Учитель объясняет: в отличие от других веществ вода имеет наибольшую плотность не в точке замерзания, не при нуле, а при плюс четырех, и потому, когда остывает до нуля, то оказывается наверху. Сверху образуется лед, а под ним остается вода. Если бы не это чудесное ее свойство, то реки промерзали бы полностью и в них прекратилась бы жизнь.

Священник покачивает головой: да, чудо, еще одно доказательство бытия Божия. Река, небо, солнышко – они пребудут, а все остальное – пройдет, перемелется, вот о чем он, по-видимому, сейчас думает.

В такой солнечный день не хочется дома сидеть, и учитель решает послоняться по городу. Перед ним новая «Парикмахерская», через окно он видит свою бывшую ученицу, она ему машет рукой. Действительно, отчего бы ему не подстричься? – он давно не стригся. Она ему моет голову, прикосновения ее теплых пальцев очень приятны. Надо же, двое детей! Учебу, естественно, бросила, да ничему их толком и не учили там. Она не красивая, хоть и милая, про мужа лучше не спрашивать, пока не скажет сама. Как она шустро работает ножницами! А Димку Чубкина он не помнит? Это же ее бывший одноклассник, теперь она Чубкина, неужели он все забыл?

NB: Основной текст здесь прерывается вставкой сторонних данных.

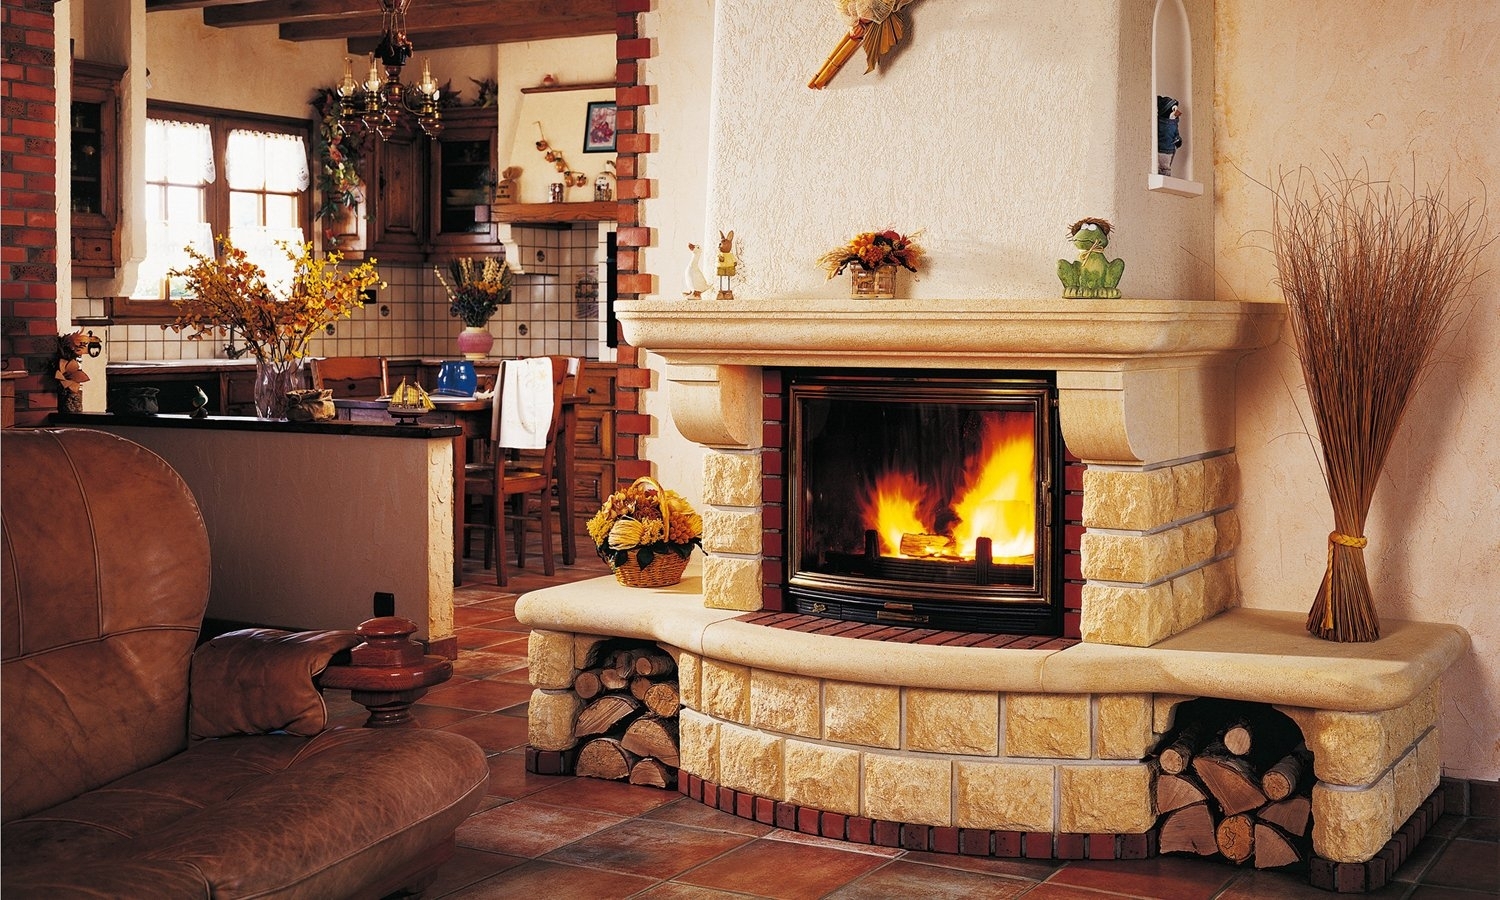 Buy Fireplaces in Israel on the bulletin board

– Знаете, Сергей Сергеевич, ваши литературные вечера – лучшее, что у нас было в жизни, – говорит парикмахерша. – Когда ты болен и забит… – как там дальше?

Учитель подсказывает – загнан, еще несколько строк, потом уже произносит эпилог «Возмездия» до конца, про себя, целиком. Она сметает с пола отстриженные волосы, он смотрит на них, на нее и думает: Блоку казалось невозможным, чтобы грамотный человек не читал «Бранда», а вот, поди ж ты, он – учитель литературы, и не читал. Что он знает из Ибсена? Юность – это возмездие. Кому – родителям? А может быть, нам самим?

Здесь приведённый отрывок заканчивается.